The mreps program[40] was used to identify microsatellites in the references assemblies of P. falciparum and P. vivax. The following mreps parameters were used for the microsatellite search: (1) minp=1, (2) maxp = 9. Searching under these conditions identified 538,794 and 95,990 microsatellite loci in P. falciparum and P. vivax, respectively. For P. falciparum, the allow-small parameter was employed to allow identification of small microsatellites that the mreps algorithm might otherwise flag as biologically insignificant due to the high AT content (~80%) of that genome.

Illumina sequencing reads were mapped to the P. falciparum 3D7 or P. vivax reference assemblies using BWA[38] with the “−q 5” and “ l 32” options. Base quality score recalibration and local realignment around microsatellites[11] was applied using GATK[39]. Custom Python scripts were used to filter out reads that did not span the entirety of a microsatellite interval in the genome. A final local realignment around microsatellite sequences, followed by indel (insertion/deletion) calling with standard hard filtering parameters was applied to using GATK, and accepted indels were converted into microsatellite length genotypes. Illumina-based microsatellite calls were validated by comparison with calls made by aligning the Sanger-sequence based Dd2 assembly (downloaded from http://www.broadinstitute.org/annotation/genome/plasmodium_falciparum_spp/Downloads.html) to the 3D7 reference assembly to generate a truth set of indels for genotyped microsatellites.

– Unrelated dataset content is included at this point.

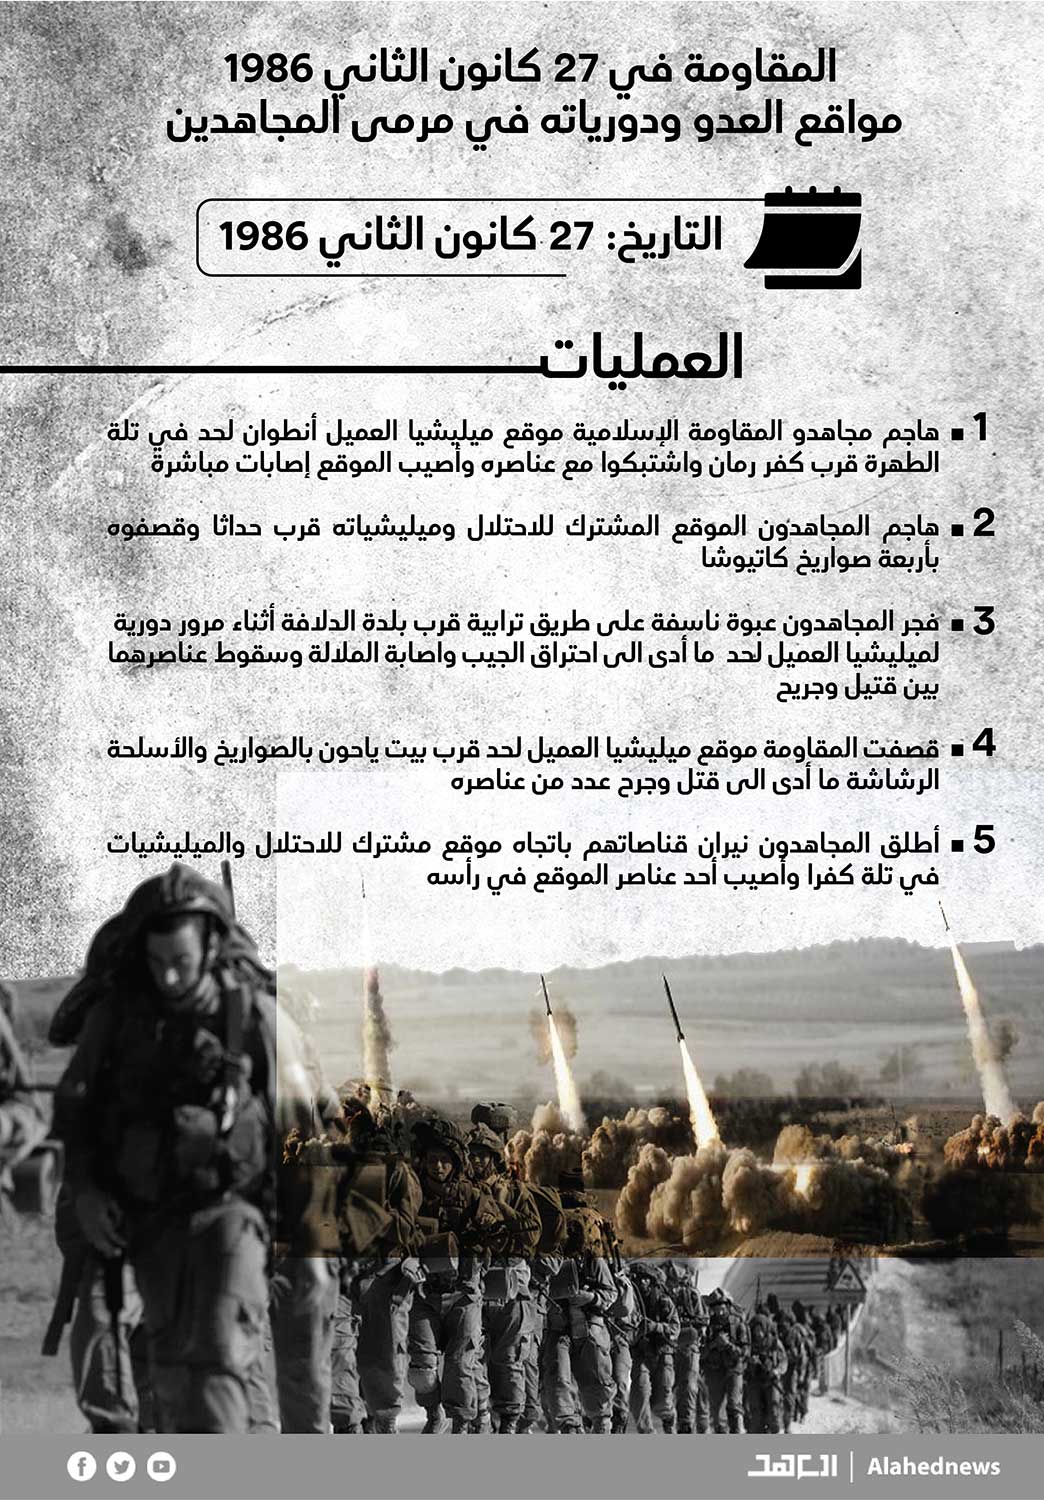 المقاومة في 27 كانون الثاني 1986: مواقع العدو ودورياته في مرمى المجاهدين

Comparison of the Illumina-based calls to the Sanger calls indicates that our Illumina calling method exhibits a specificity of 100% and a sensitivity of 97%, on the basis of 81,569 AT dinucleotide microsatellites callable in both datasets. P values for evaluating the significance of the difference in microsatellite diversity between species were generating by resampling π values for each species 10,000 times and noting the frequency with which a difference in mean π occurred that was equal to or greater than the observed difference in mean π. The overall comparison of microsatellite diversity across motif unit sizes was performed using only microsatellites with eight or more repeat units given that, as previously observed for P. vivax[41], these longer microsatellites were observed to be more polymorphic in both species (Supplementary Fig. 5).

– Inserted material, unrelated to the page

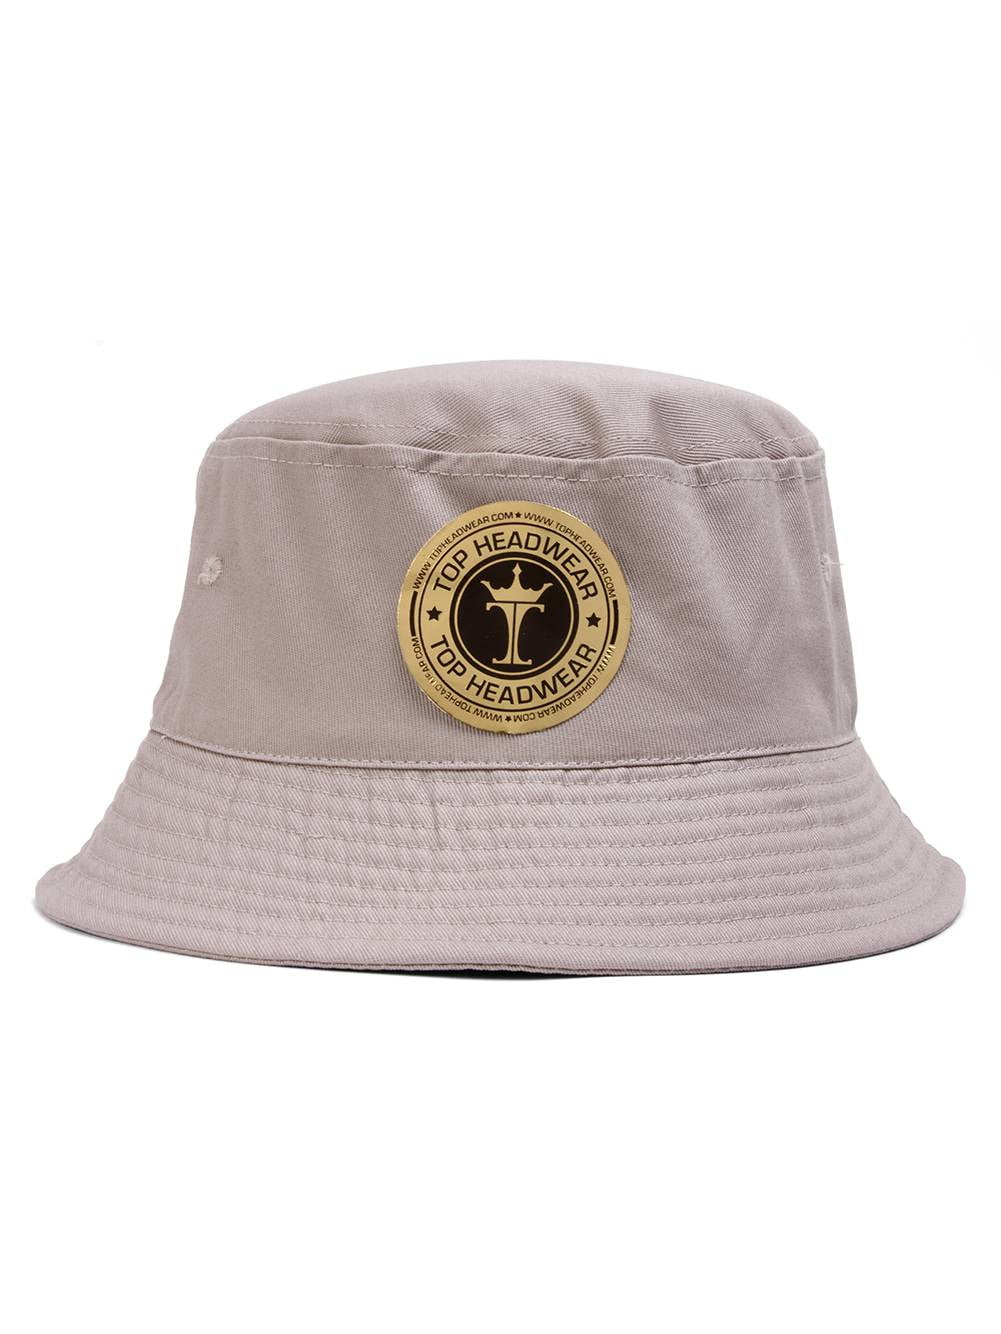 Bucket Hat For Men Women - Cotton Packable Fishing Cap, Brown S/M

Evolutionary analyses and TMRCA calculation

Mean pairwise diversity at all nucleotide sites (π), synonymous sites (πS), and nonsynonymous (πN) sites was calculated for each gene in the reference annotations for P. falciparum and P. vivax using the method described in Table 1 of Ina (1995)[42]. P. knowlesi orthologs were employed to calculate interspecific dN/dS ratios using PAML v4.5[43]. with sequences from the Salvador I isolate of P. vivax. A matrix of pairwise nucleotide distances between isolates (Supplementary Table 5) was constructed for each species using SNPs identified in fourfold-degenerate (4D) synonymous coding sites of genes with orthologs in each species. To control for differences in the nucleotide substitution profile between species and enable direct comparison of branch lengths, pairwise distances were normalized by empirical nucleotide transition matrices (Supplementary Table 6) constructed for each species by rooting 4D polymorphisms using an outgroup species (P. knowlesi for P. vivax, P. reichenowi for P. falciparum). Phylograms were constructed from pairwise distance matrices using the Neighbor-Joining method. The lower bound of the TMRCA was estimated for each species as the deepest pairwise divergence. SNP functional enrichment analyses were carried out using a Mann Whitney U test and the Z scores were interpreted using a Bonferroni correction for multiple testing.